In Siena, Boldrino accepted money from the noble party while remaining in the city with forces that did not bring decisive protection to the ruling group. On 12 March 1385 Siena's rulers elected him captain of the war. He spoke to them urging agreement and warning that he would act if nobles persisted in destabilizing the city, but then withdrew from Siena, dispersed troops in the countryside, and carried out plundering. A prolonged struggle followed; the party of the Nove and Dodici rose, and many artisans fled Siena into the countryside and dispersed into various parts of Italy. Boldrino emerged with booty and returned toward the Perugian area.

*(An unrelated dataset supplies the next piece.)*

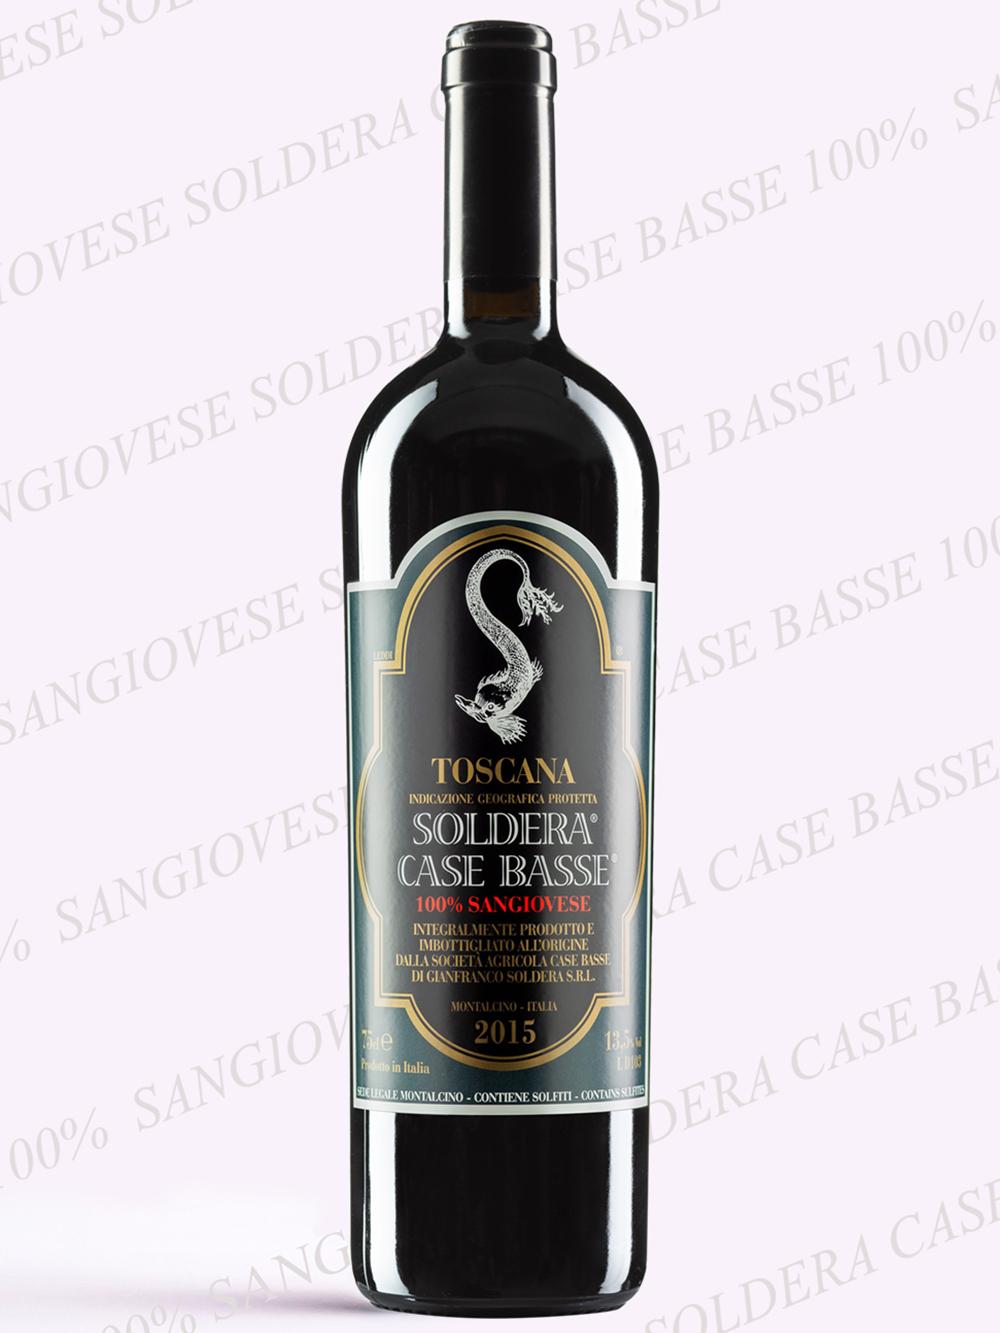 Toscane IGP 100% Sangiovese Soldera® Case Basse®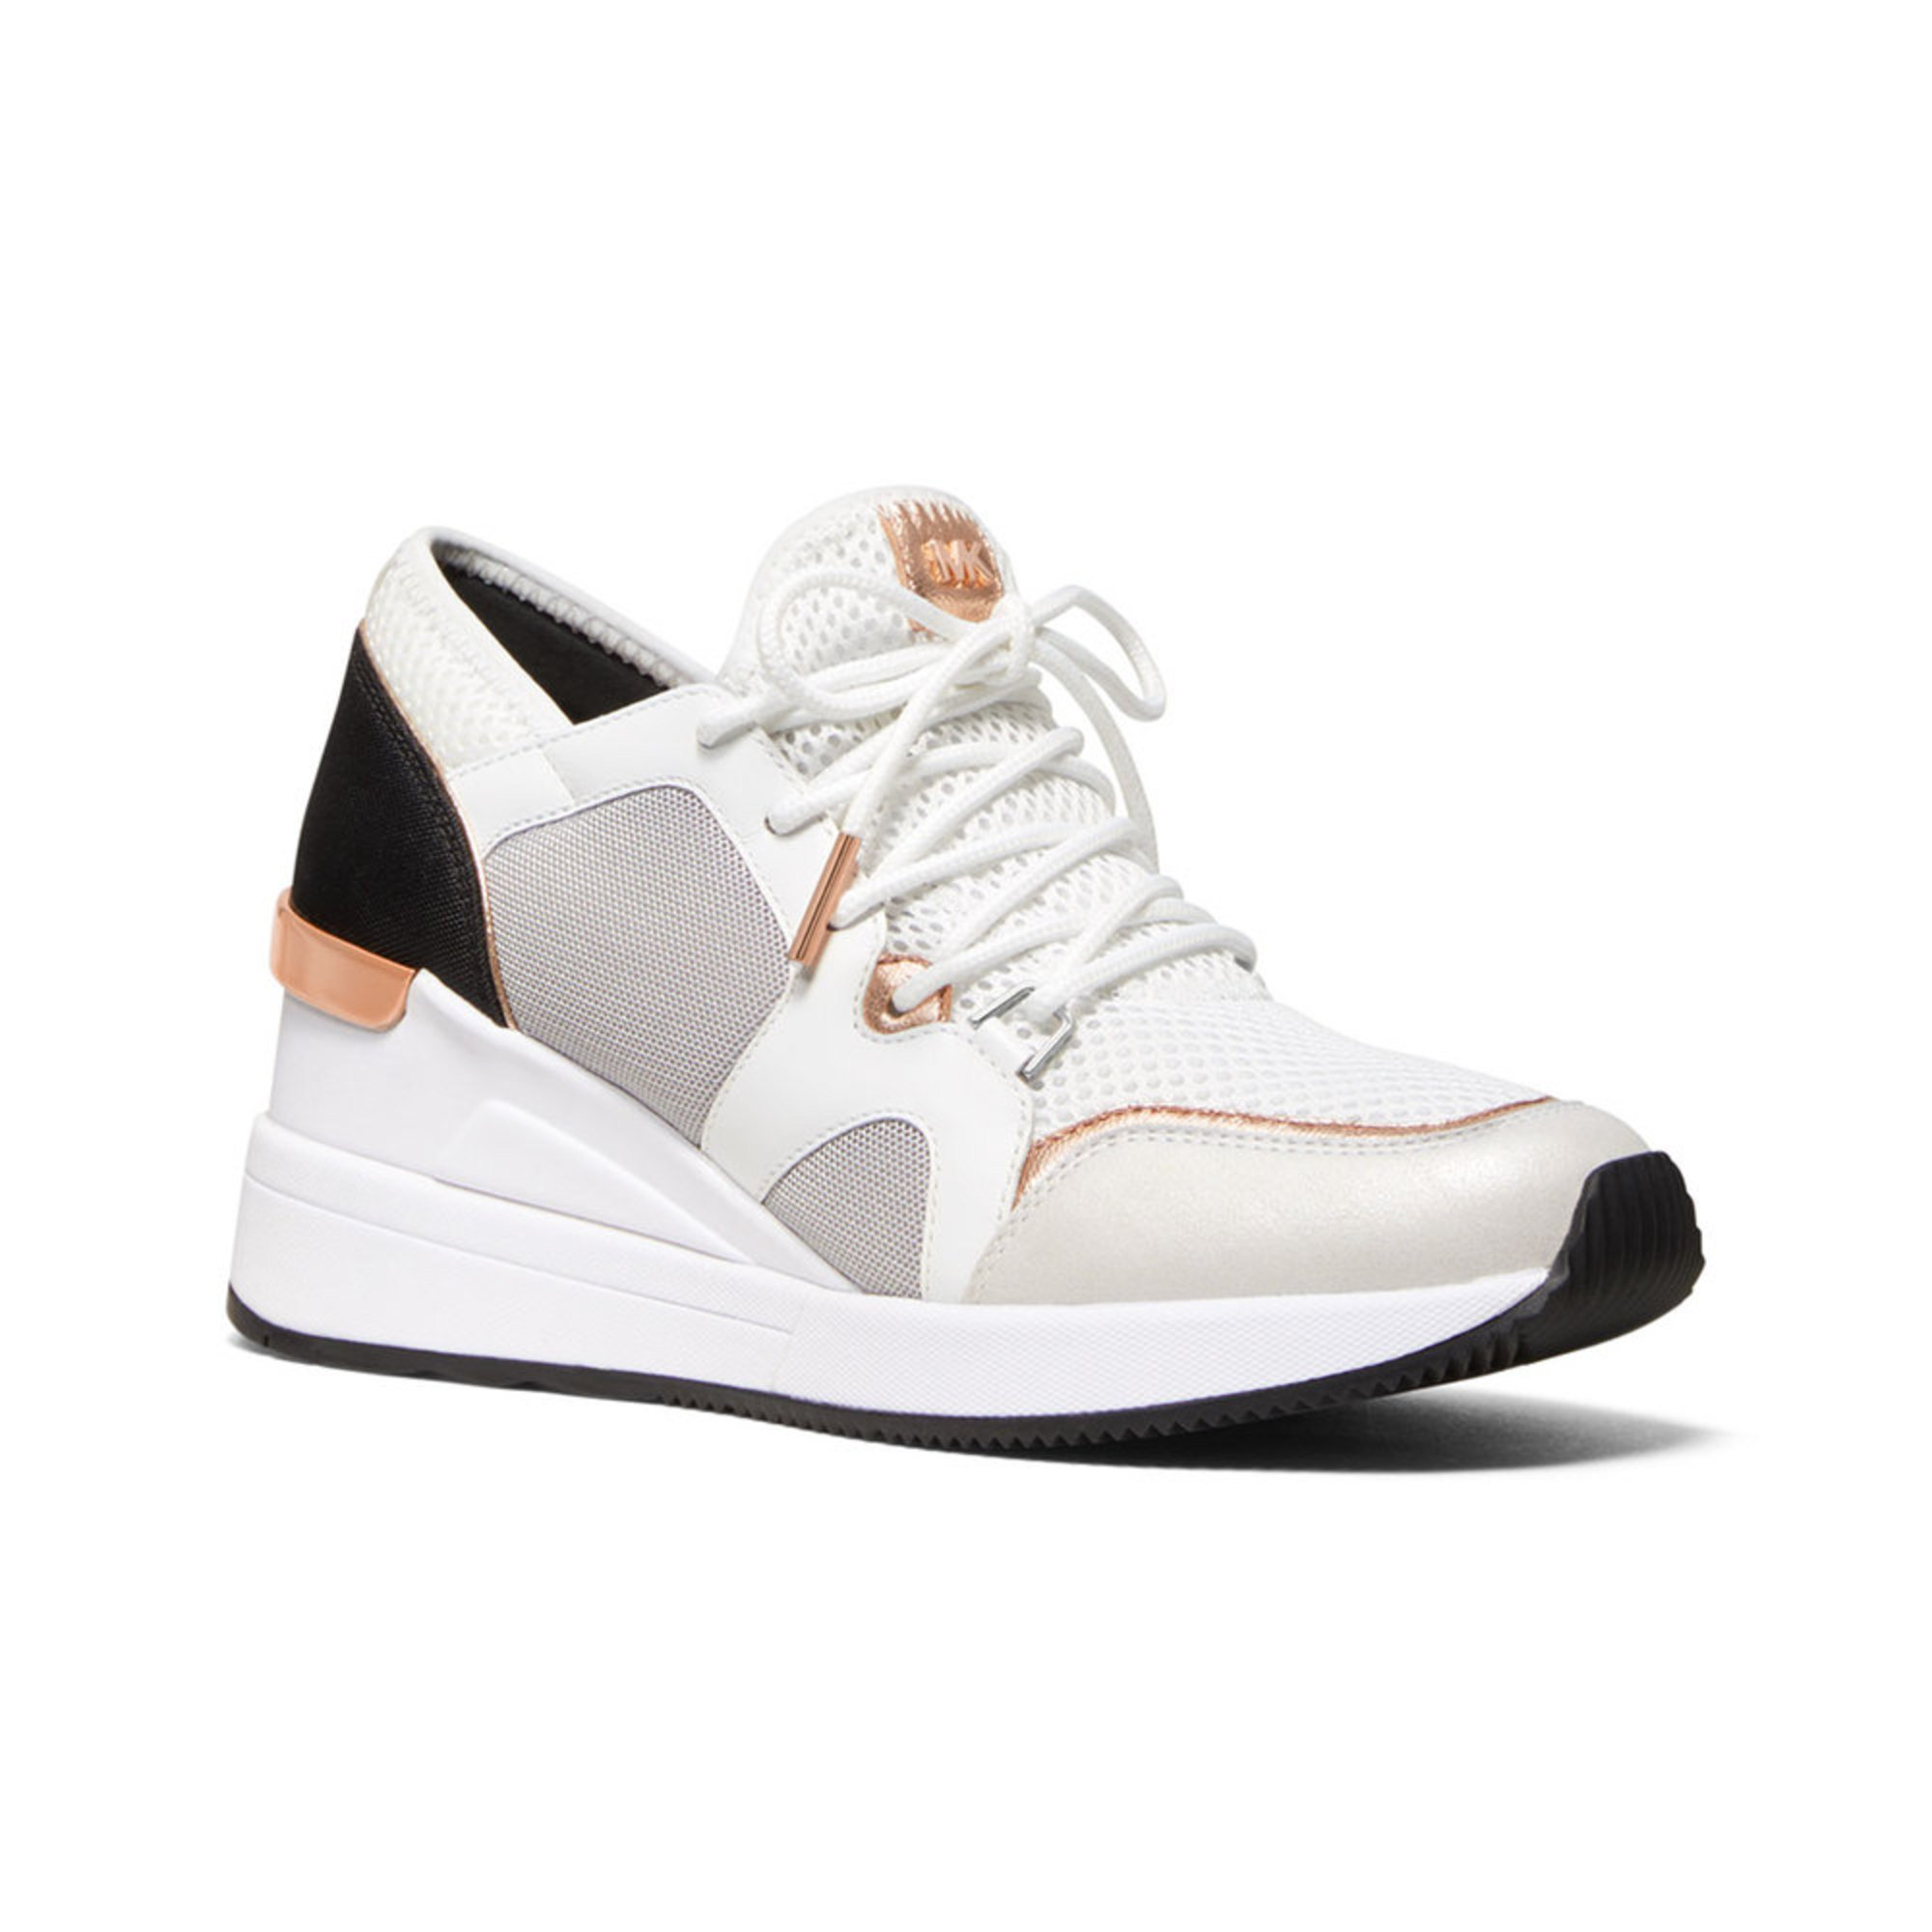 944afaf4e55e3 Michael Kors Women s Liv Trainer Sneaker

== Siena and Perugia (1384–1386) ==
During early 1385 Perugia sought to secure Boldrino's withdrawal by sending ambassadors, including Contucciolo di Nicolò, Petruccio Monte-Sperelli, and Bartolomeo Guidalotti. Boldrino demanded a gift of 500 gold florins in exchange for ceasing support to Perugia's enemies and leaving Perugian subject lands. Perugia agreed.

Before mid-1385, Boldrino allied with foreign soldiers and resumed raiding the Perugian territory. Biordo degli Oddi urged him to prevent further destruction of the spring countryside and offered an additional 500 gold florins as provision up to June.

Assisi suffered raids by Boldrino's troops, with seizure of livestock and peasants, and release conditioned on humiliations.

In August 1385 Perugia received warning of an approaching company of 800 cavalry under Beltotto Inglese (John Beltoft), joined by Boldrino and Taddeo Pepoli, who commanded nearly 2,000 cavalry. Perugia ordered rural inhabitants to shelter harvests and livestock within castles and strengthen fortifications. It also ordered payment of 2,000 gold florins to those captains for withdrawal. They accepted money and returned again in September to exact levies and damage localities including Cerqueto, Papiano, and La Spina.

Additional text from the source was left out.